Какое-то время друзья ехали молча… Каждый был поглощен своими мыслями…
– А сколько до имения Медведских? – спросил Михаил, когда увидел, что экипаж их окончательно покинул предместье города Могилева и уже катит по прямой дороге, пролегающей через красивый вековой лес. Высоченные ели, усыпанные длинными коричневыми шишками, росли тут вперемешку с такими же высокими соснами. Временами на смену пейзажам с хвойным лесом приходили пейзажи, сплошь состоящие из лиственных деревьев: берез, дубов, рябинок, а также кустов можжевельника, малины, ежевики, уже тронутых разноцветными красками осени. Когда же линия леса прерывалась, глаз радовали живописные луга, усыпанные разноцветными цветами, да глади голубых озер, мелькающие где-то в отдалении.
– От города Могилева до имения Медведских километров тридцать, – ответил Станислав. – Может, чуть больше…
– Красиво тут!.. – зачарованно произнес Михаил.
– А у нас в Гродненской губернии разве не так?
– Все так, Станек!.. Все так!..
– А знаешь, братишка, – вдруг загадочно улыбнулся Станислав, – пожалуй, поделюсь я с тобой одной очень небезынтересной для тебя новостью. Хочешь?
– Еще бы!.. – всполошился Михаил. – Я весь во внимании!..
– Дай Бог, конечно, чтобы все получилось, – поплевал Станислав через левое плечо, – но, скорее всего, новый 1916 год приглашу тебя встречать в Санкт-Петербург, в дом моего деда, барона Ландсбергиса. Помнишь этот дом, Михаська? Помнишь, как мы весело проводили там время, когда ты приезжал ко мне в Санкт-Петербург из Варшавы? Помнишь ли ты моих кузин – панну Аделаиду и панну Алисию? Ведь они мне все уши о тебе протрещали: кузен!.. Когда же к нам еще приедет твой друг Михаська?.. А как дела у твоего друга Михаськи? Уж не женился ли твой братишка?..
Глаза Михаила, и без того большие, увеличились в размере, лицо просияло счастьем…
– Станек! Уж не шутишь ли ты?.. Неужели и вправду, новый 1916 год будем встречать вместе в Питере?.. Даже не верится в это…
– Даже не сомневайся, Михаська! Даже не сомневайся! Так и будет…
– О, Jezus Maria!.. – вознес к небесам руки Михаил, – помогите, чтобы у нас с братишкой все получилось…
Станислав залюбовался руками Михаила. Кожа его рук белая, холеная. Пальцы длинные, тонкие. Ногти удлинённой красивой формы. Да и сам красив… Чёрные, вьющиеся до плеч волосы на ветру развиваются. Кожа лица тонкая, нежная. Взгляд больших темно-синих глаз, окаймлённых длинными ресницами, встревоженный. Белоснежные рубашка, жилет и галстук-бабочка воедино слиты с чистотой его образа.
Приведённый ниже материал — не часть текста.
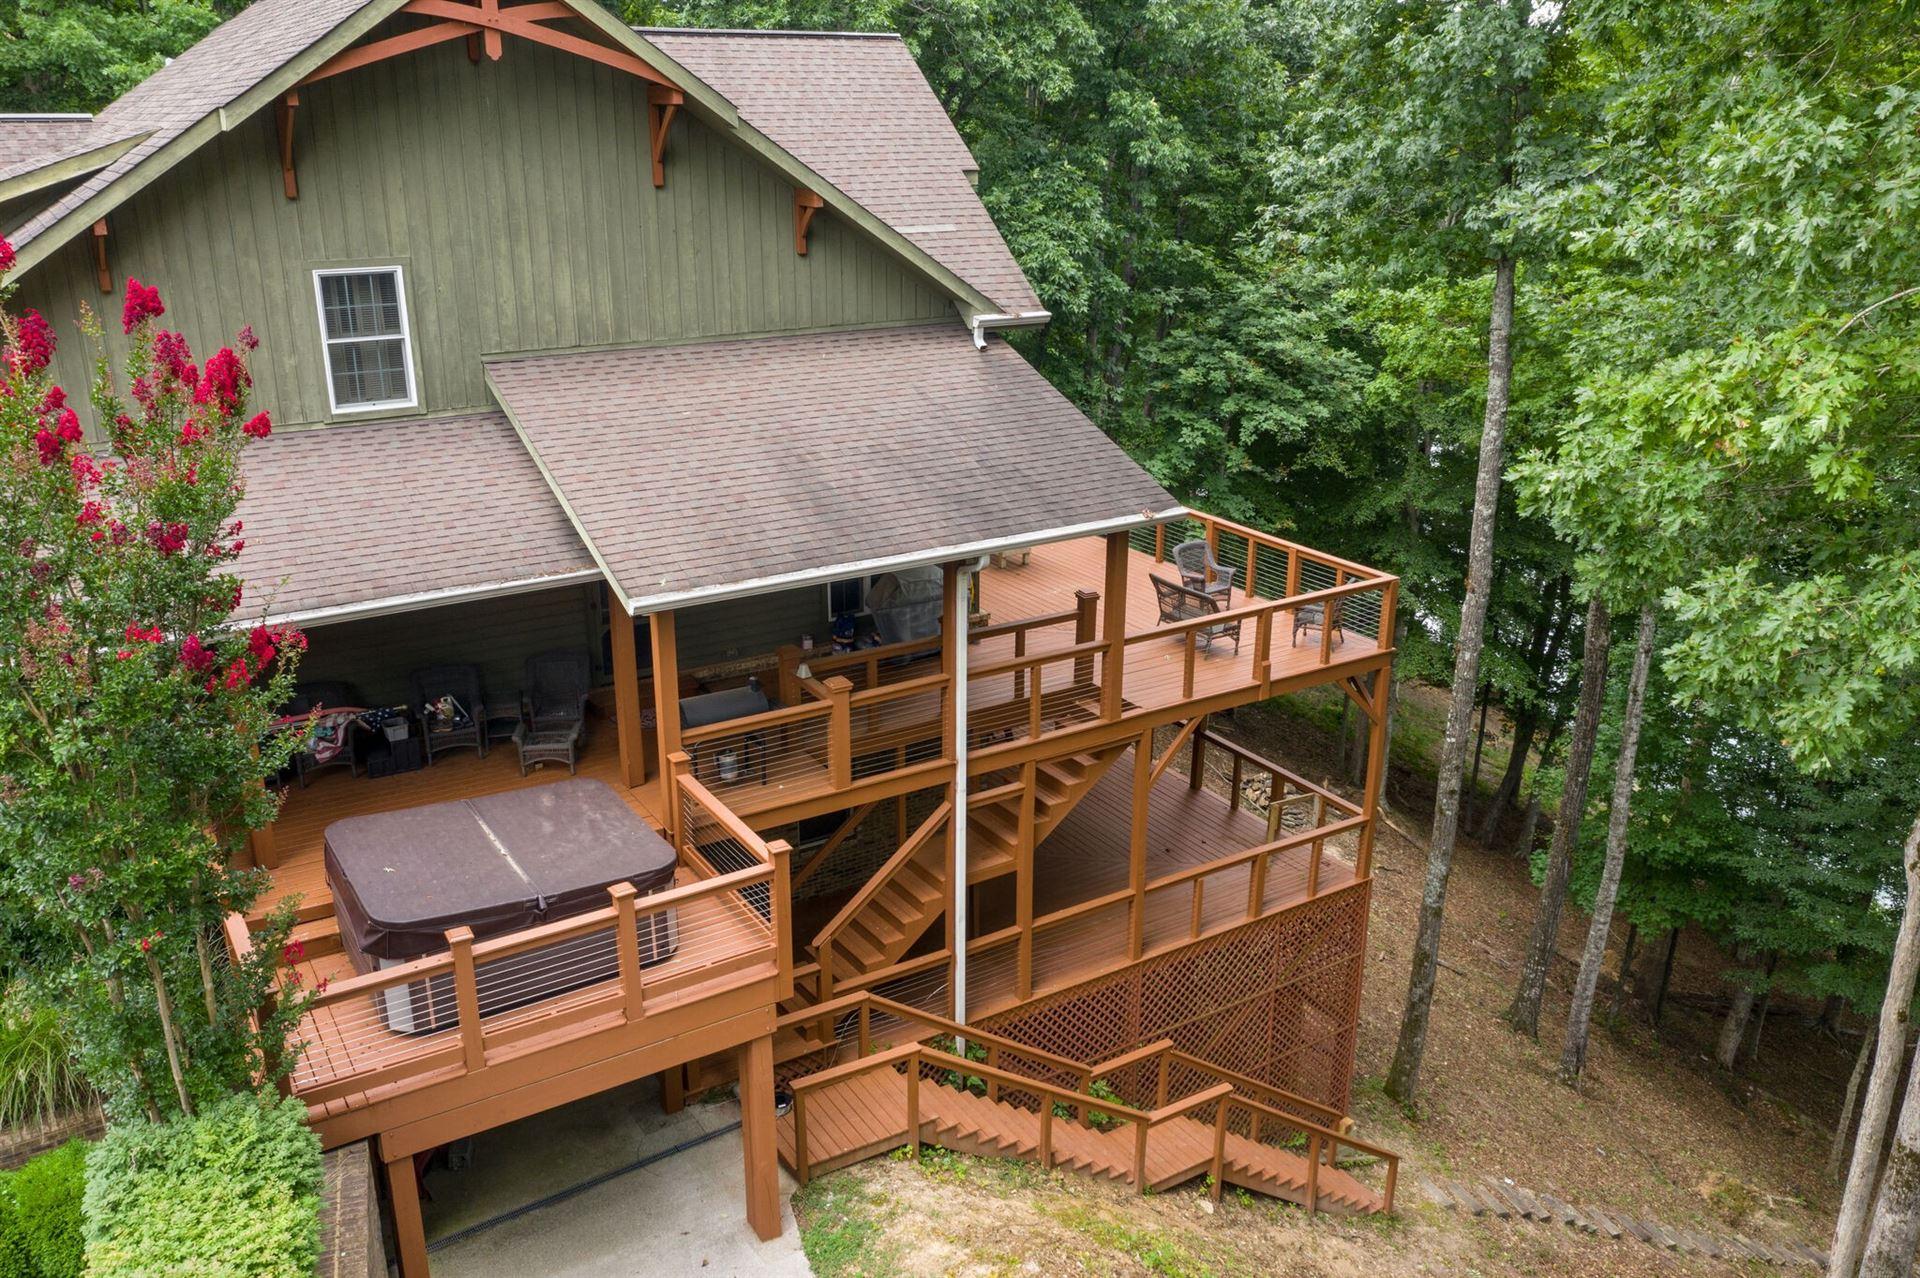 348 Grandview Lake Rd, Estill Springs, TN 37330 - MLS#: 2241999

– Красив ты, чертяка!.. – неожиданно вырвалось из уст Станислава. – Редкой ты красоты парень! Кстати… на одного библейского героя сильно смахиваешь… На Люцифера… С самого раннего детства, как только я узнал о Люцифере, который некогда был любимцем самого Бога, всё пытался представить себе, как он выглядит внешне. А сейчас, глядя на тебя, ни на секунду не усомнюсь, что именно так и мог бы он выглядеть, явись людям.
– По твоему раскладу, братишка, я – Сатана?! Дух зла, толкающий человека на путь духовной погибели?
– Да не Сатана ты, Михаська, не Сатана! – рассмеялся Станислав. – Не понаслышке знаю, какой ты ярый католик и насколько сильно любишь своего Езуса Хрыстуса. Тем более, в отличие от Сатаны, который осознал, что красив, отчего возгордилось его сердце, ты, хоть и знаешь, что красив, но даже не осознаёшь, насколько красив… Ладно!.. Не бери в голову!.. Это я так… сам не пойму, зачем сказал. Показалось что-то…
– А раз стало казаться, Станек, пора на исповедь, к ксендзу. Когда последний раз в костеле на исповеди был? – достал Михаил из внутреннего кармана фрака свои старенькие четки и принялся перебирать в пальцах…
– Ой, не спрашивай, брат!.. Всё дел невпроворот… А исповедаться и вправду надо. Много женщин на меня обиду держат. Очень много, – вспыхнули плутовским блеском глаза Станислава. – Сейчас бы какую-нибудь из них сюда, под бочок мне, – сладко потянулся он…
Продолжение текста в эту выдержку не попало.